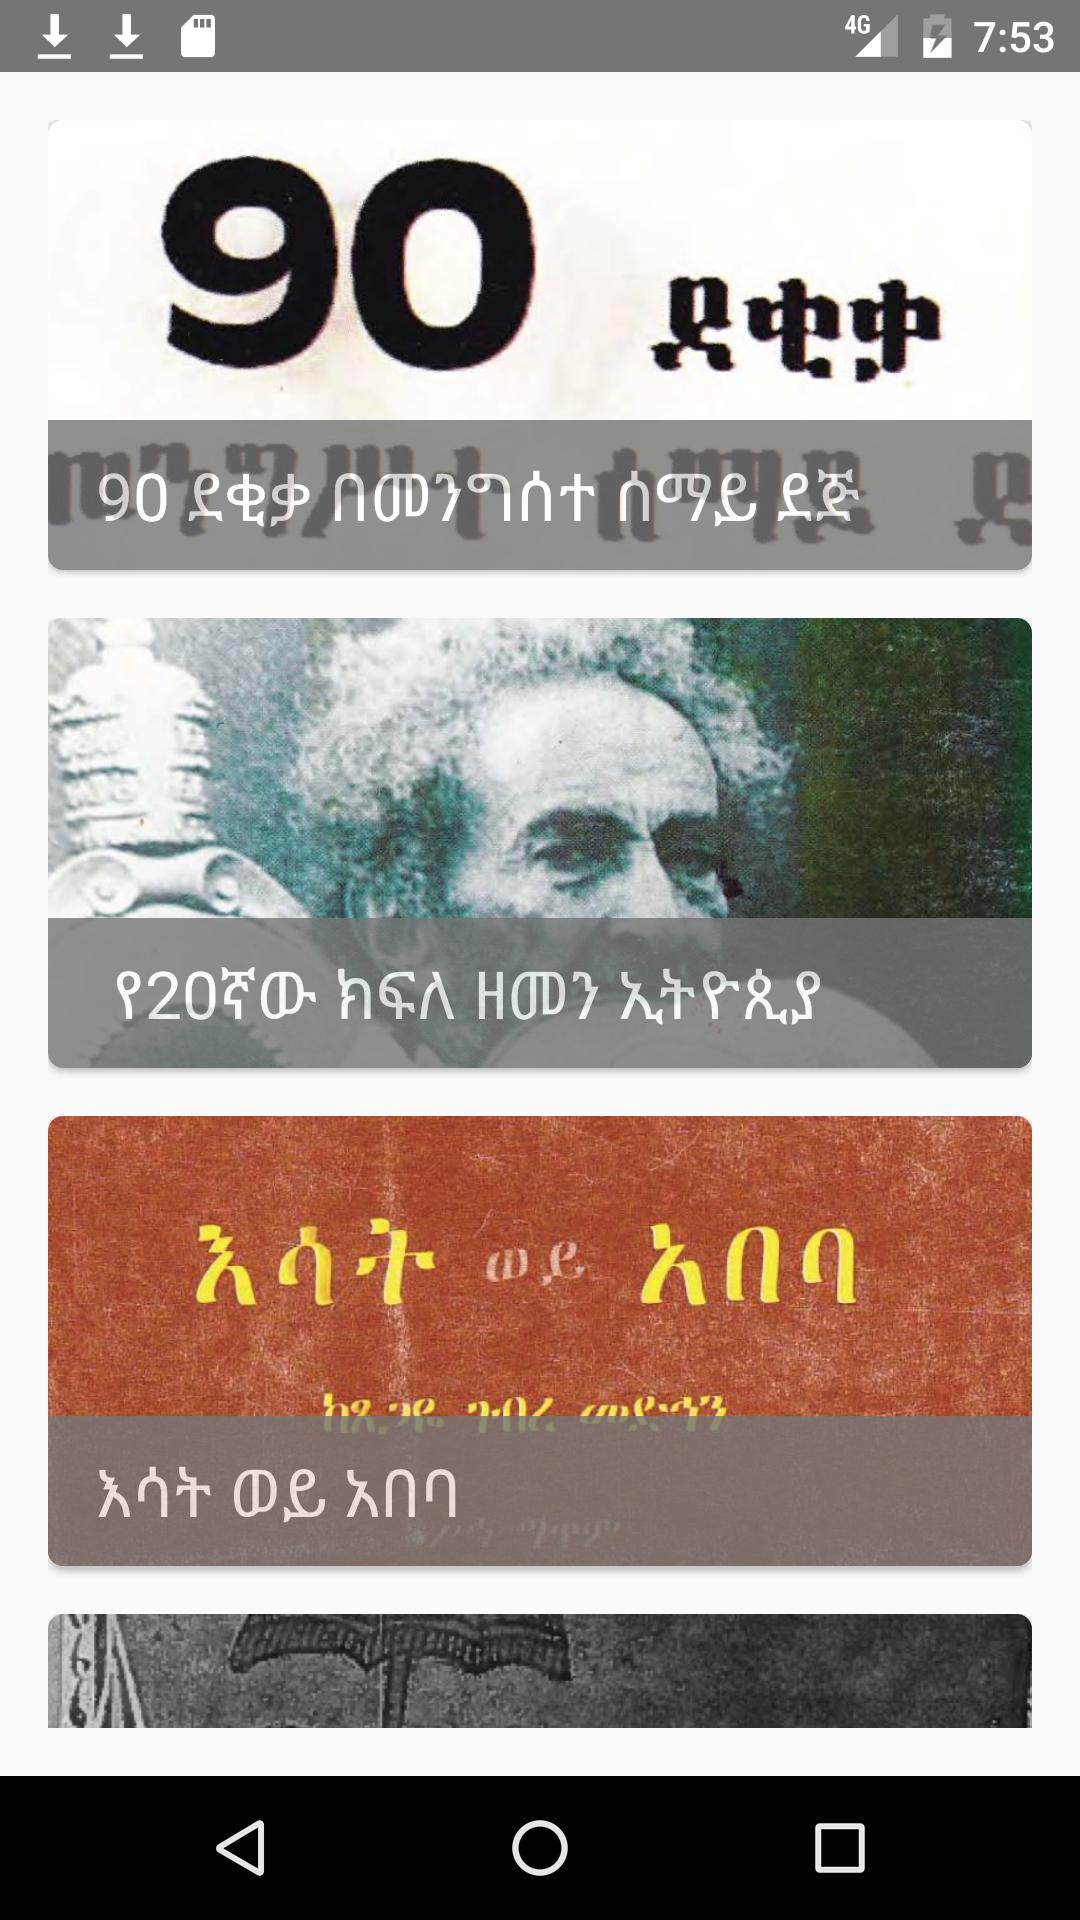 good amharic books welcome free download pdf
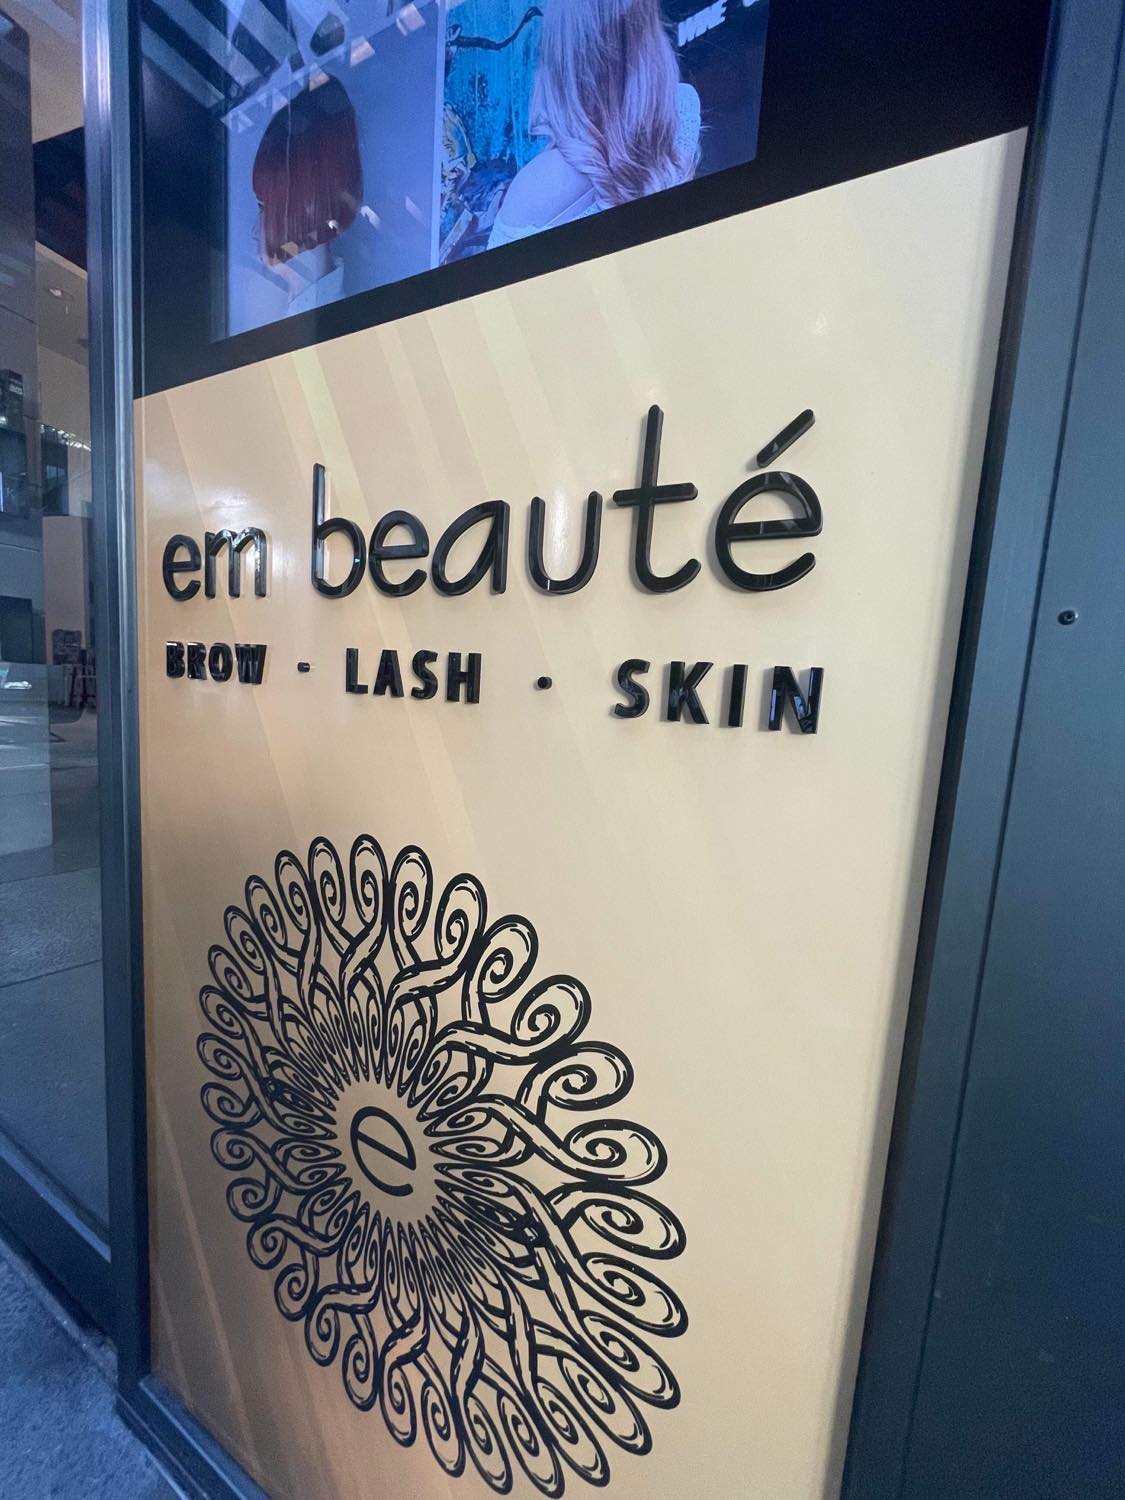 embeaute black  gloss acrylic signage adhered to a vinyl poster sign on wall of salon
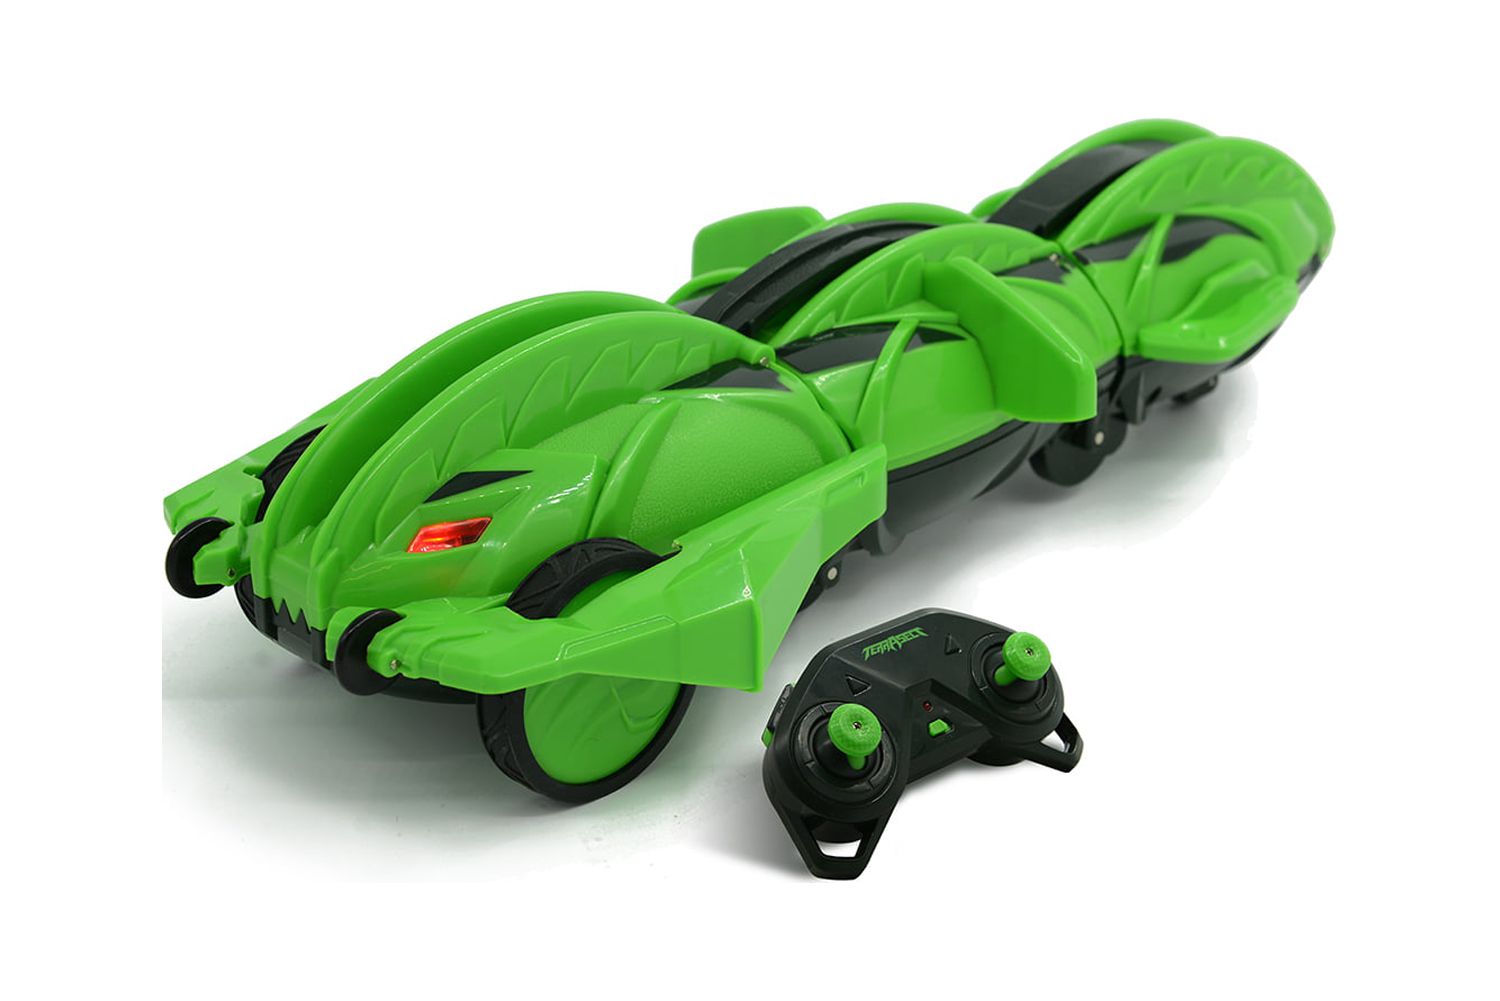 Terrasect Remote Control Transforming Vehicle, Green, 2.4 Ghz - image 5 of 9

[Your task]
Omit all pictures, and repeat exactly the lines from the line containing "wall of salon" through the end of the data.

[Exercise result]
 embeaute black  gloss acrylic signage adhered to a vinyl poster sign on wall of salon
 Terrasect Remote Control Transforming Vehicle, Green, 2.4 Ghz - image 5 of 9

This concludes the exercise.